Sounds great!  Though looking at the code currently posted, I think it’s still capturing a reference to the {{collector}}?  I think you may have simply not posted your latest changes.

bq. This seems like it makes sense, but everything may just be looking like a nail to me, so let me know if you have a better idea
 
My personal view is it's absolutely fine to duplicate code somewhere like this, and I’ve done that in some patches I'll be posting soon.  I think clarity for the reader is also valuable, and if the methods are maintained next to each other and clearly marked as copy/paste variants because we don't have a macro language, I think that's fine and probably preferable.
 
However, I think in this case it's fine either way.  Looking at your implementation I realise it’s possible to simply define {{accept(Consumer<V> c, V v)}} in terms of {{accept(BiConsumer<V1,V2> c, V1 v1, V2 v2)}} by simply invoking {{accept(Consumer::accept, c, v)}}, which should be more than clear enough.
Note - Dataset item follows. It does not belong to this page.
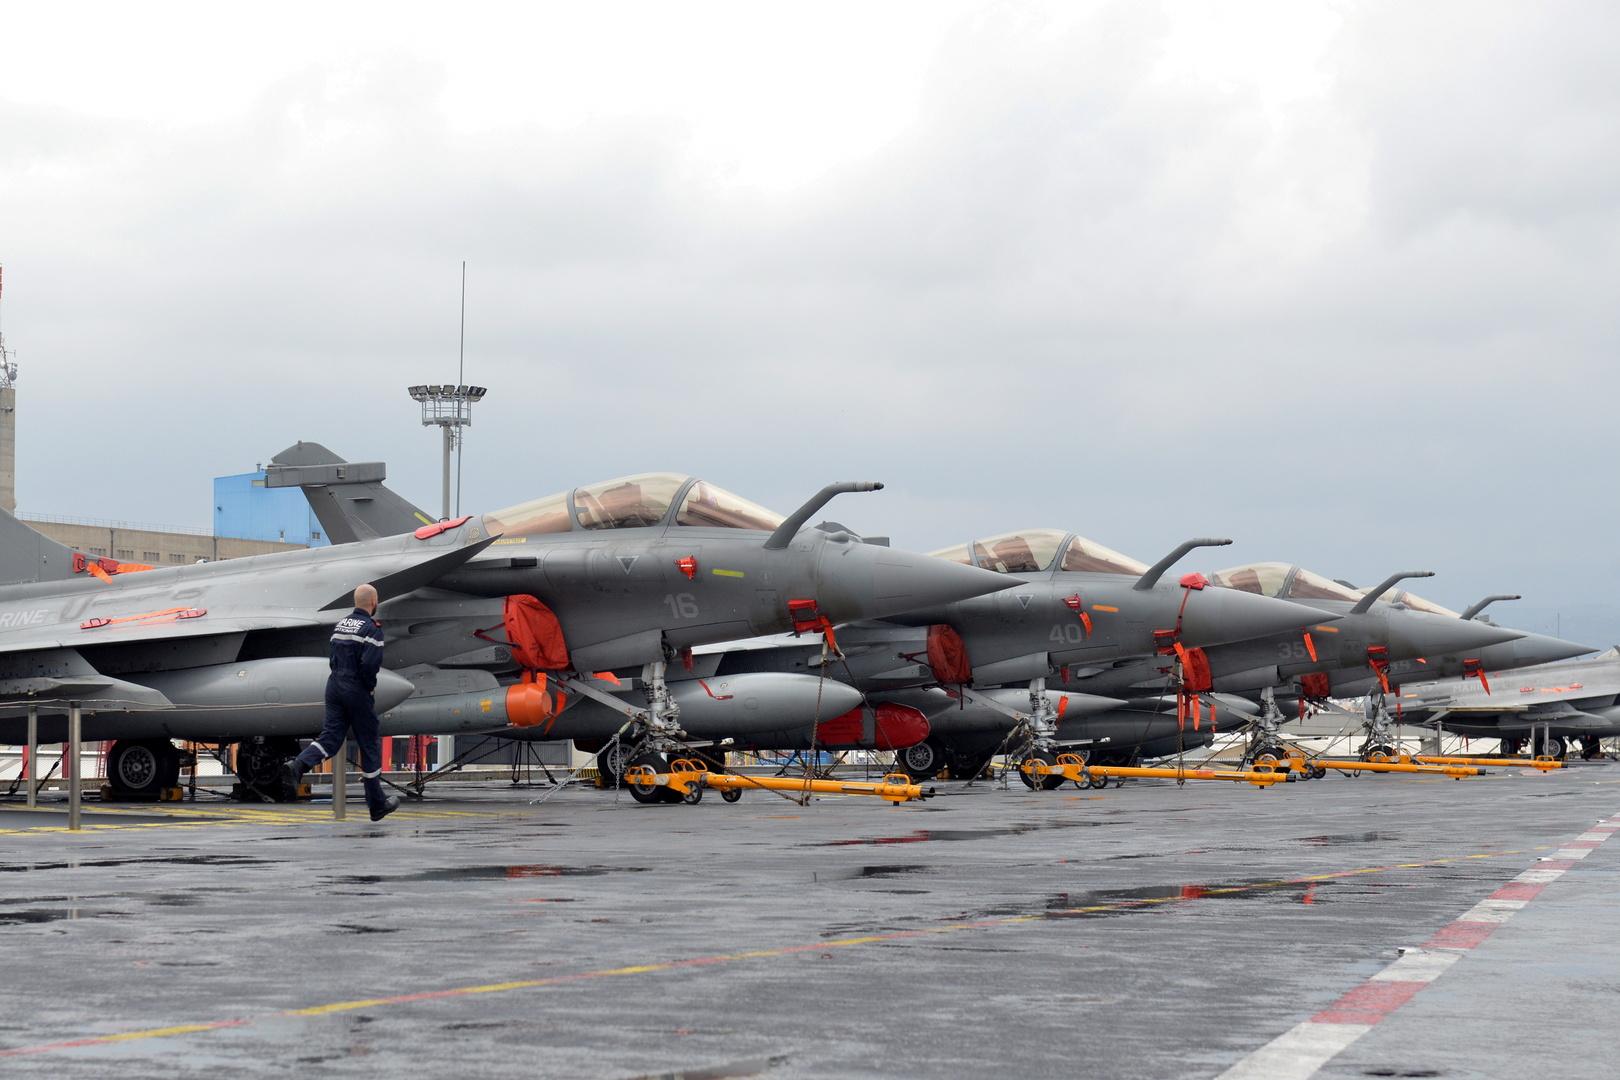 مصر تعلن عن إبرام اتفاق مع فرنسا لشراء 30 مقاتلة من نوع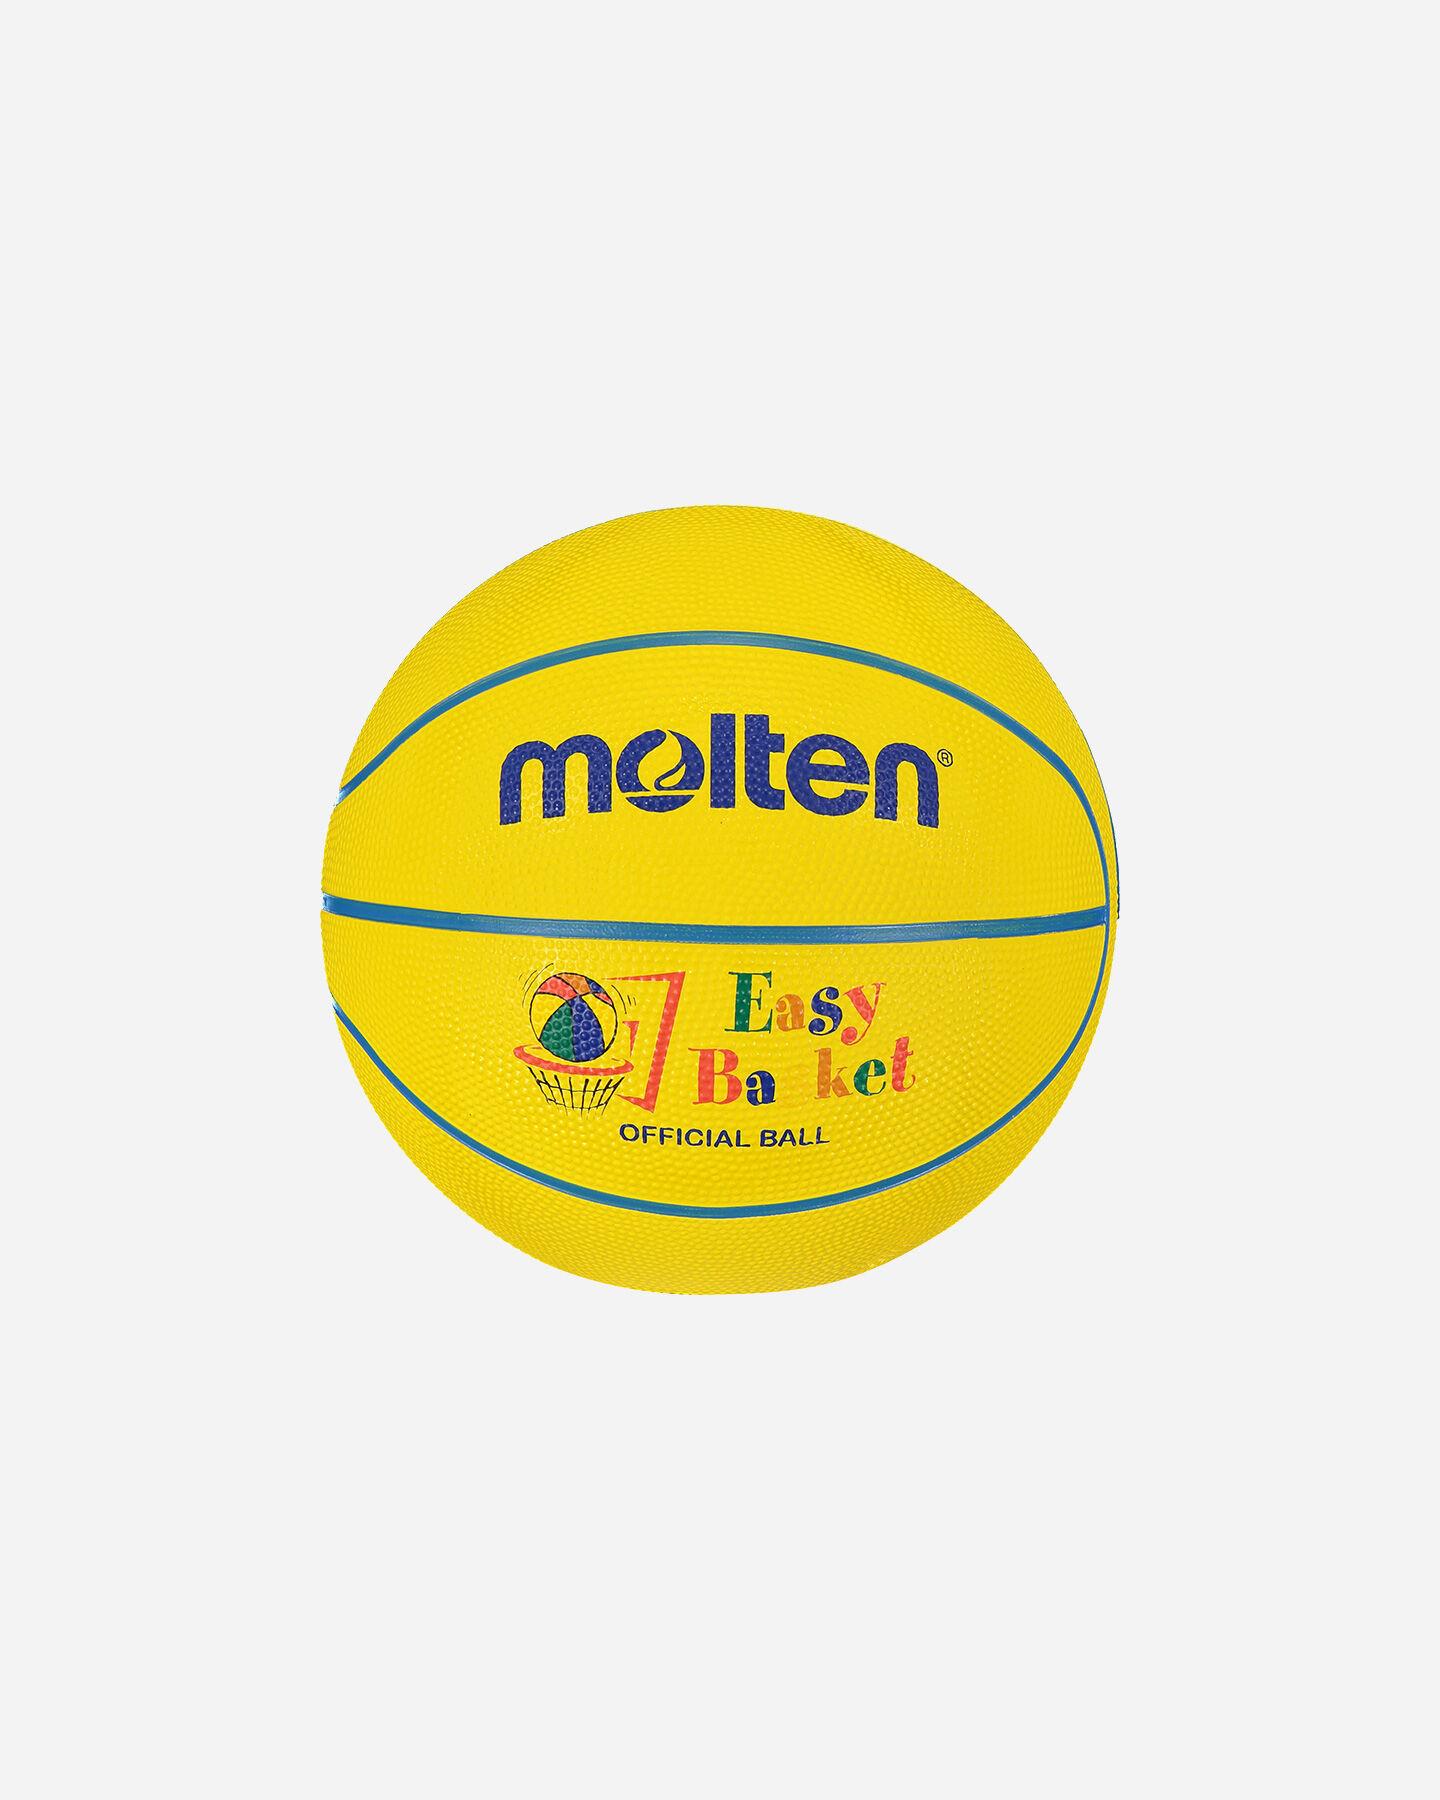 Pallone basket MOLTEN EASY BASKET S1262942|1|UNI scatto 0

It’s a shame this is a recursive function so we won’t be able to benefit from inlining, and will probably incur an extra virtual invocation cost.  It might be that we anyway win by splitting implementations, but it may not be worth overthinking.
 
Other random thoughts:

* I think it might be helpful to treat {{apply}} to the same restructure you’ve done to {{accumulate}} - which helped me a great deal in reading that.
* {{isStopSentinel}}: do we use {{Long.MIN_VALUE}} anymore?  Should we also consider optionally permitting a stop sentinel to be provided, so we can make {{minDeletionTime}} more efficient?  I don’t think we have anywhere that needs more than one stop sentinel anymore, so I think it’s probably an acceptable complication.
* nit: {{ComplexColumnData.accumulate}} should we call the parameter e.g. {{initialValue}} to distinguish it from those {{accumulate}} methods that take a value to start from in the tree?


was (Author: benedict):
bq. Good idea about complex data accumulation in collect stats. I ended up adding and using BiLongAccumulator to make all cases garbage free.
 
Sounds great!  Though looking at the code currently posted, I think it’s still capturing a reference to the {{collector}}?  I think you may have simply not posted your latest changes.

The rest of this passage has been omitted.